Алексей забился в темный задний угол, но при его-то росте?..

Малое время спустя из ворот, под охраной десятка солдат, вывели юношу лет пятнадцати, с темной повязкой на глазах. Возглавлял шествие сам комендант, при шпаге и с заткнутым за пояс пистолетом. Самолично открыв дверцу кареты, комендант отсалютовал шпагой и дал знак поводырям юноши. Те посадили его, не снимая повязки, и встали по сторонам дверцы. Комендант отступил несколько в сторону, не отрывая настороженного взгляда от кареты. Было ли, не было ли такое приказание в письме, но он жестом отдал приказ, чтоб кучеров отвели в сторону.

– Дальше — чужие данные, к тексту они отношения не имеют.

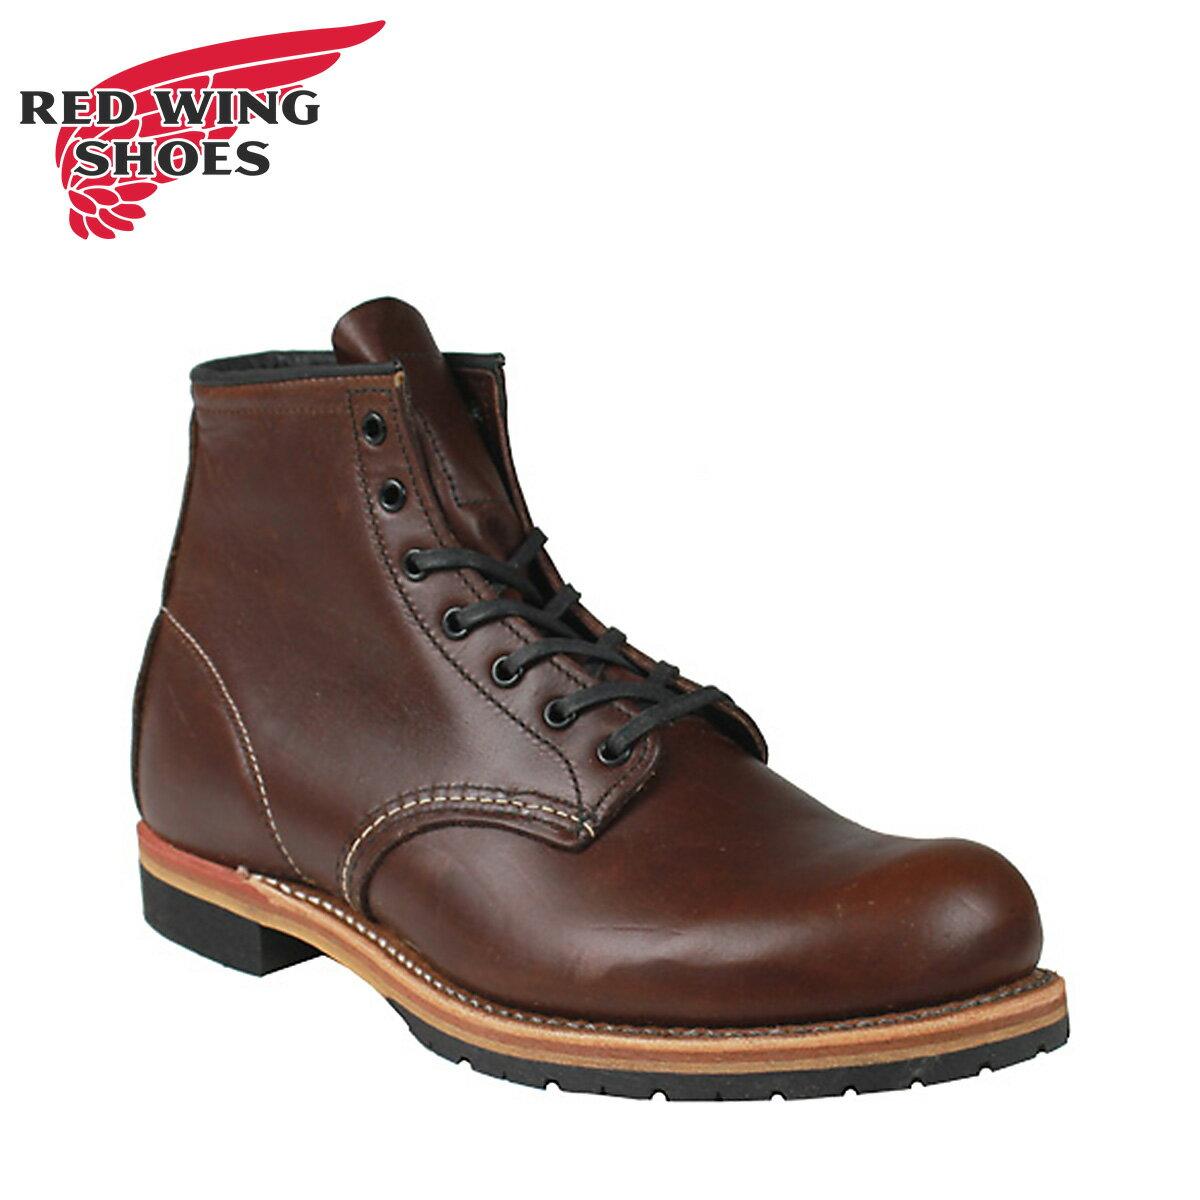 レッドウィング RED WING ベックマン ブーツ BECKMAN ROUND ラウンド トゥ Dワイズ 9016 レッドウイング ワークブーツ メンズ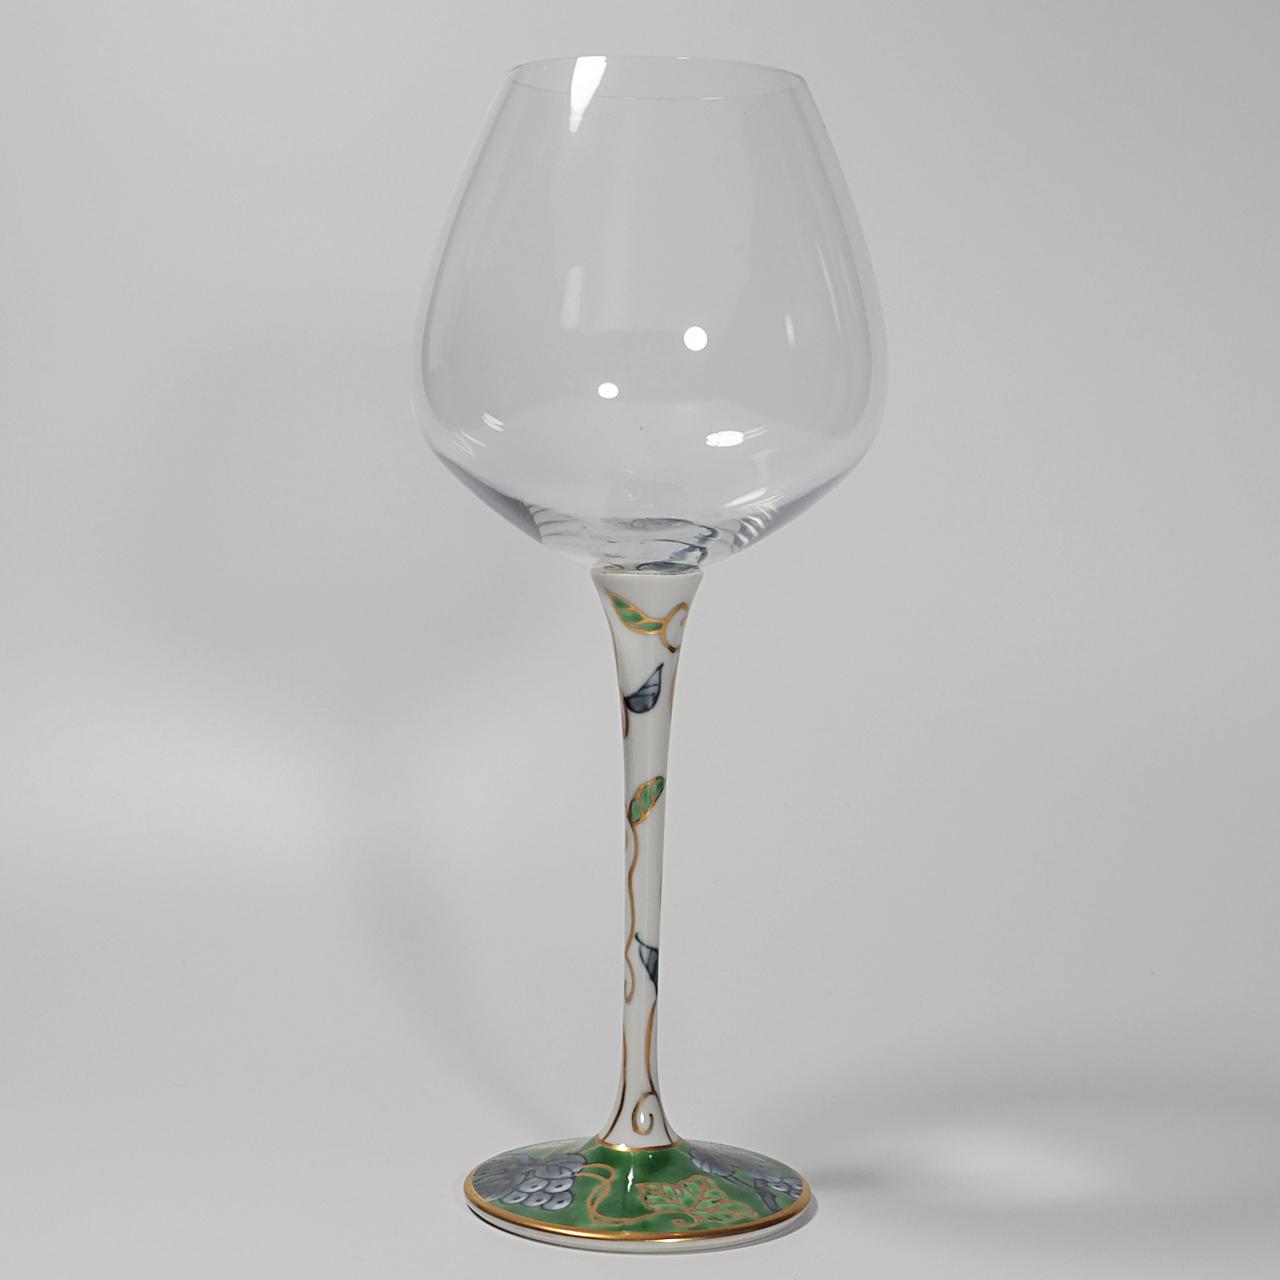 ハイレッグワイングラス(大) (染錦葡萄グリーン) 20-008-C

Слышать разговора комендант, конечно, не мог – карета была с толстой зимней обивкой. Да не сразу и заговорила Елизавета. Даже сквозь вуаль было видно, как горели ее глаза.

– Знаешь ли, кто ты? – наконец справилась она с внутренним волнением.

Юноша вздрогнул от ее ласкового голоса. И без того бледное лицо стало под цвет его вылезавших из рукавов рук.

– Знаю, но говорить ли, сударыня?

– Говори.

– А меня не будут за это бить?

– Не будут. Сказывай, коль знаешь.

Юноша, пугливо оглядываясь и все равно ничего не видя, поборол свою нерешительность.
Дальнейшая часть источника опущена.